## Try it
Each line below from the one containing "スッキリデザインのｌａｂｏ金具で 簡単 に作る" through the one containing "ハーブエキス、医薬品成分、化粧品/スキンケア成分、栄養成分の25年のメーカー" should be output exactly as it stands, and no other line should appear.

## Excerpted records
· · · · · · ·
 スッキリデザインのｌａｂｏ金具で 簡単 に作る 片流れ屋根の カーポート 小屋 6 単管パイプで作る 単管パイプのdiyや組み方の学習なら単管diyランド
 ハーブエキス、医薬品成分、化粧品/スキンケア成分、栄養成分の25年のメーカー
· · · · · · ·
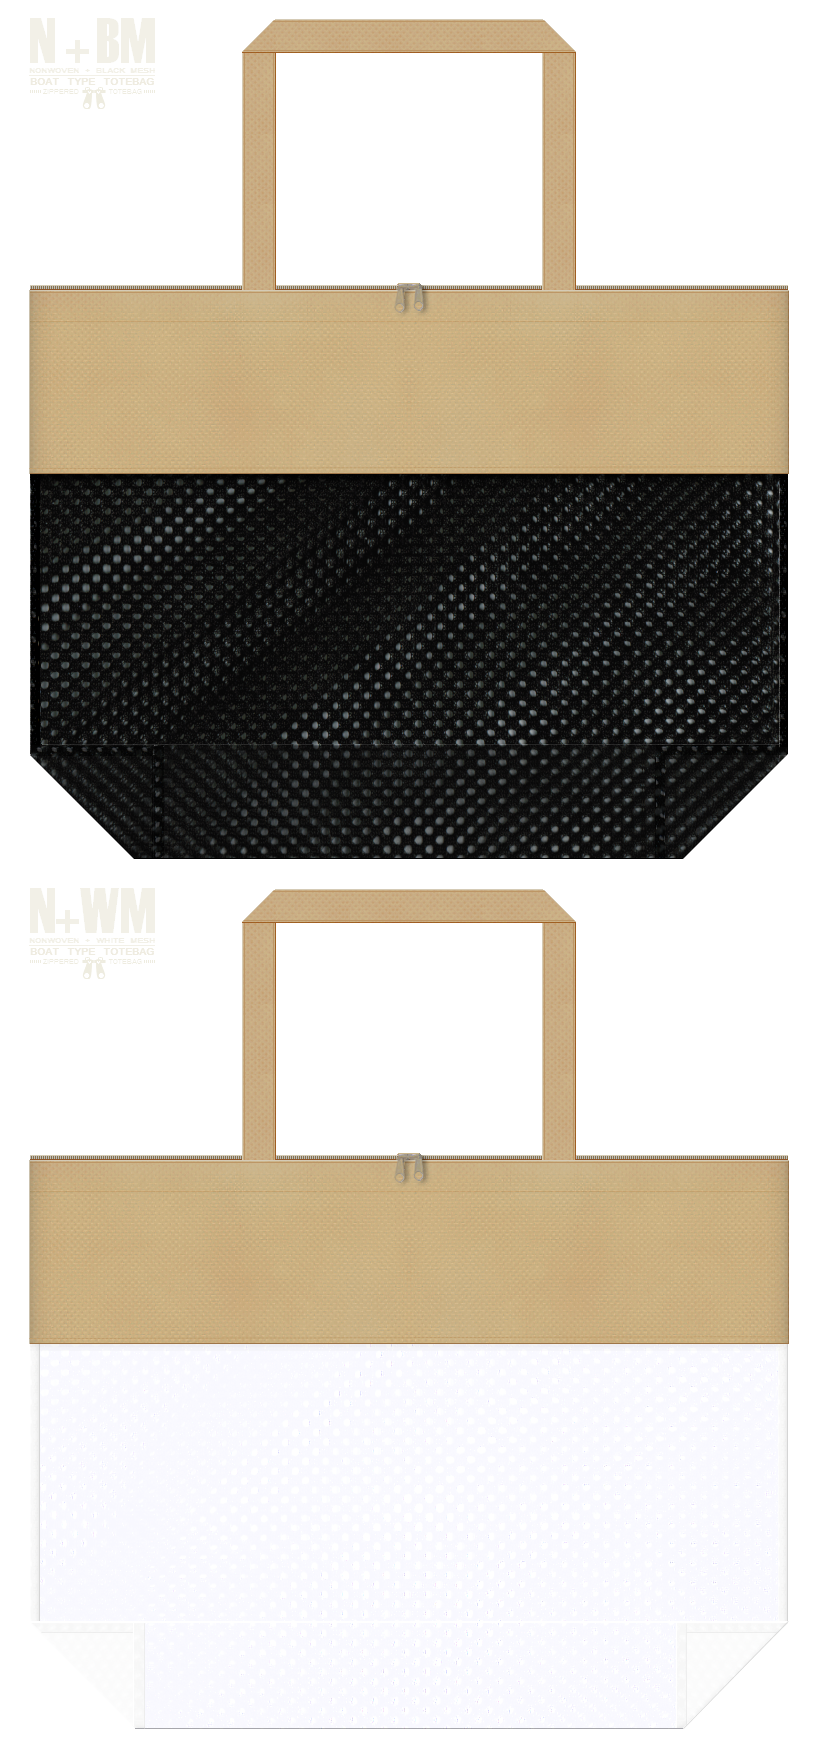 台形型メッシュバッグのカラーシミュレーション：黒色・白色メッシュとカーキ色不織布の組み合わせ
· · · · · · ·
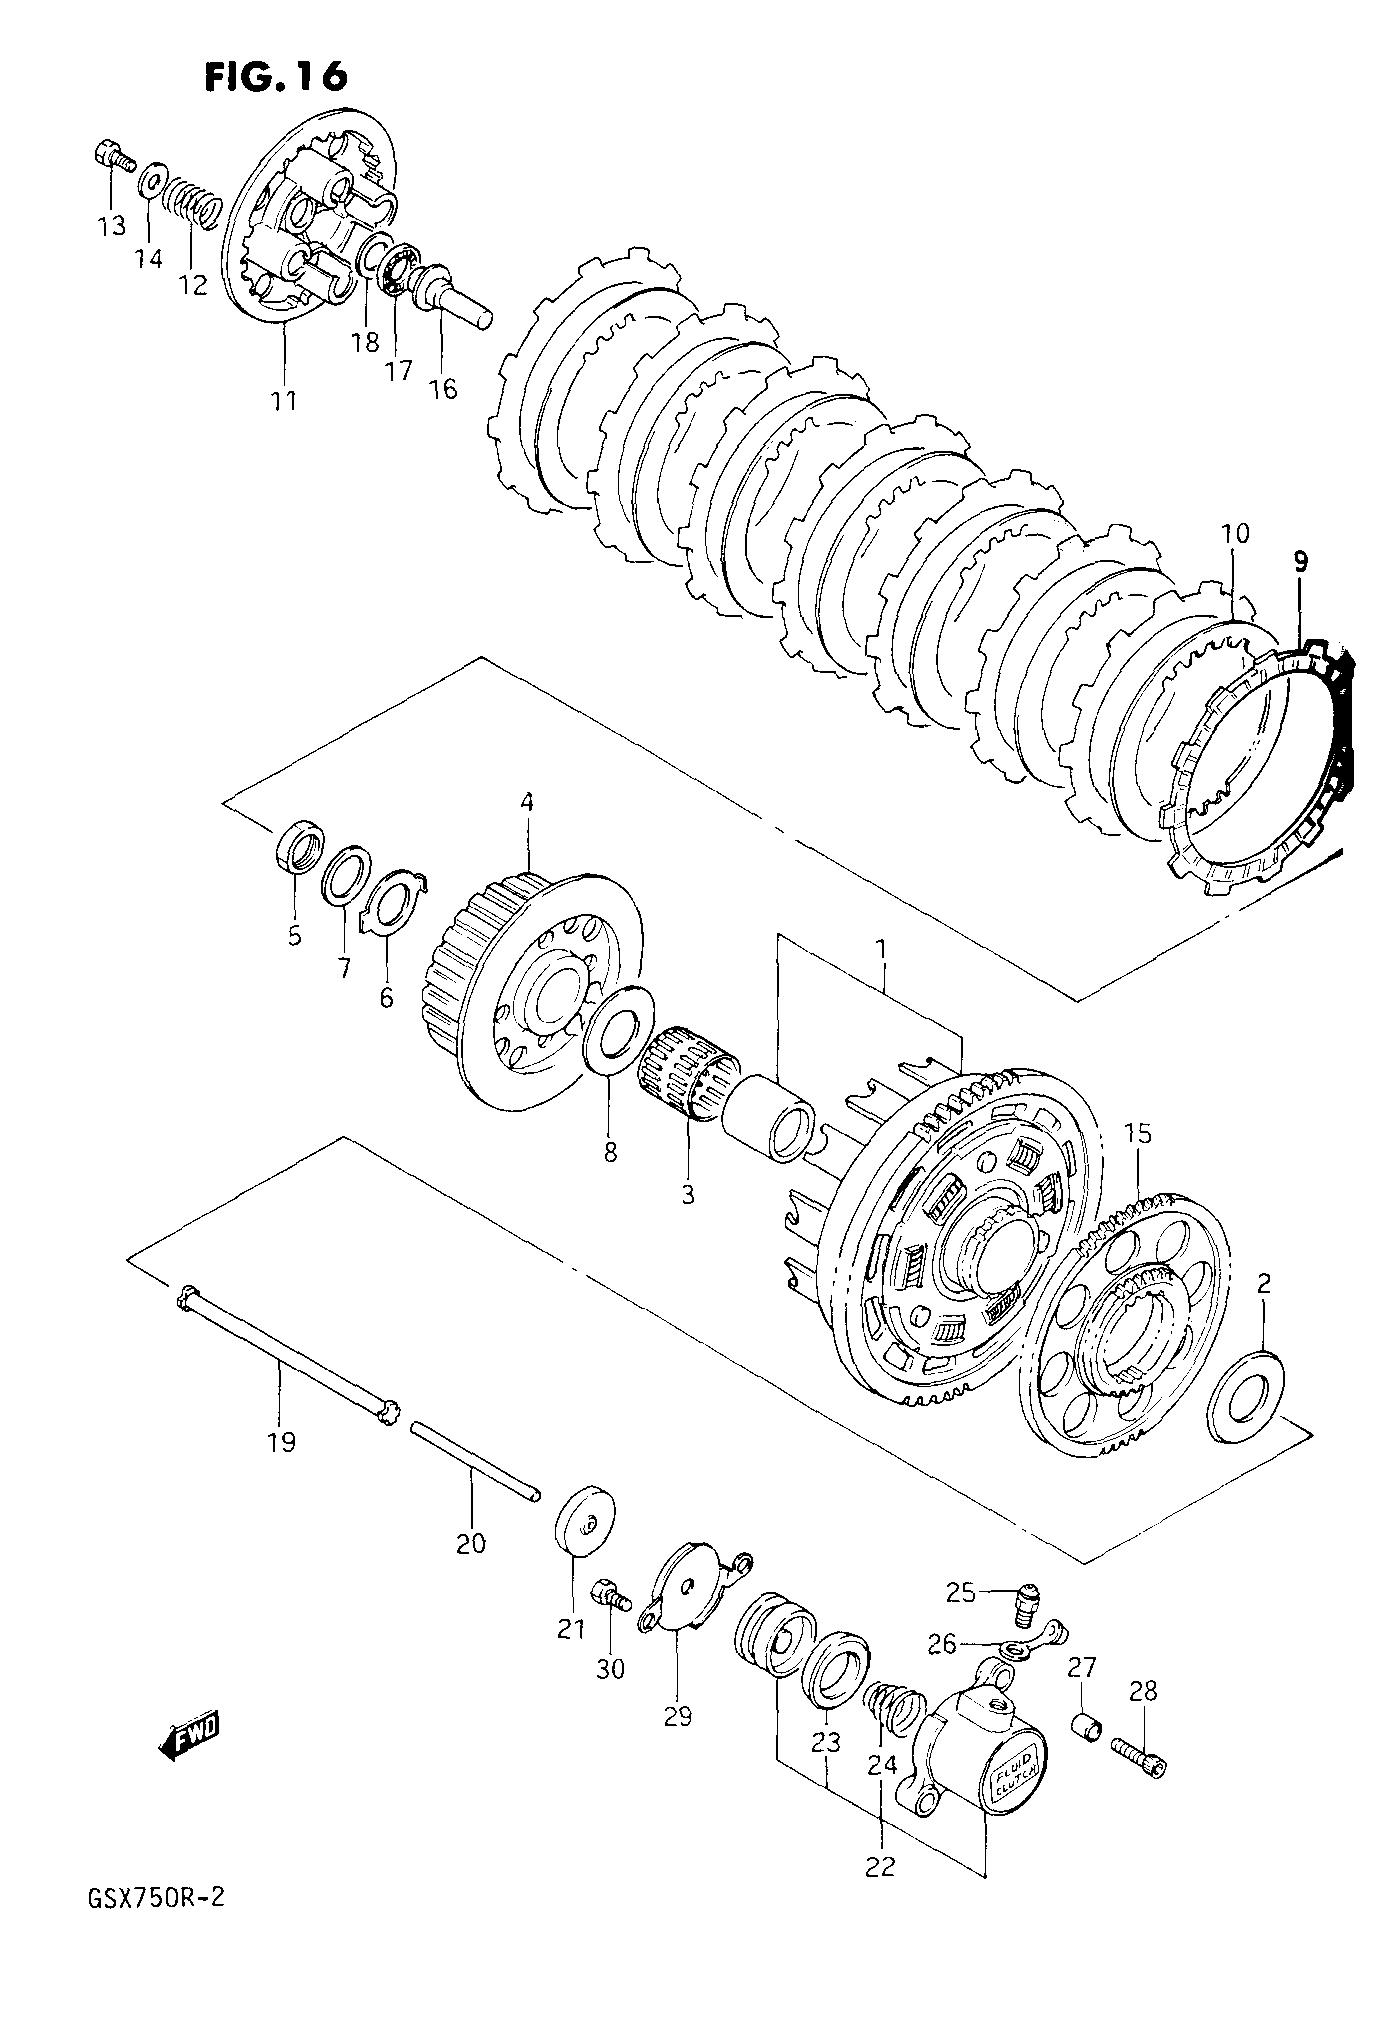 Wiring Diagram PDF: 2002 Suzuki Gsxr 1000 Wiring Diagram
· · · · · · ·
## The completed task
 スッキリデザインのｌａｂｏ金具で 簡単 に作る 片流れ屋根の カーポート 小屋 6 単管パイプで作る 単管パイプのdiyや組み方の学習なら単管diyランド
 ハーブエキス、医薬品成分、化粧品/スキンケア成分、栄養成分の25年のメーカー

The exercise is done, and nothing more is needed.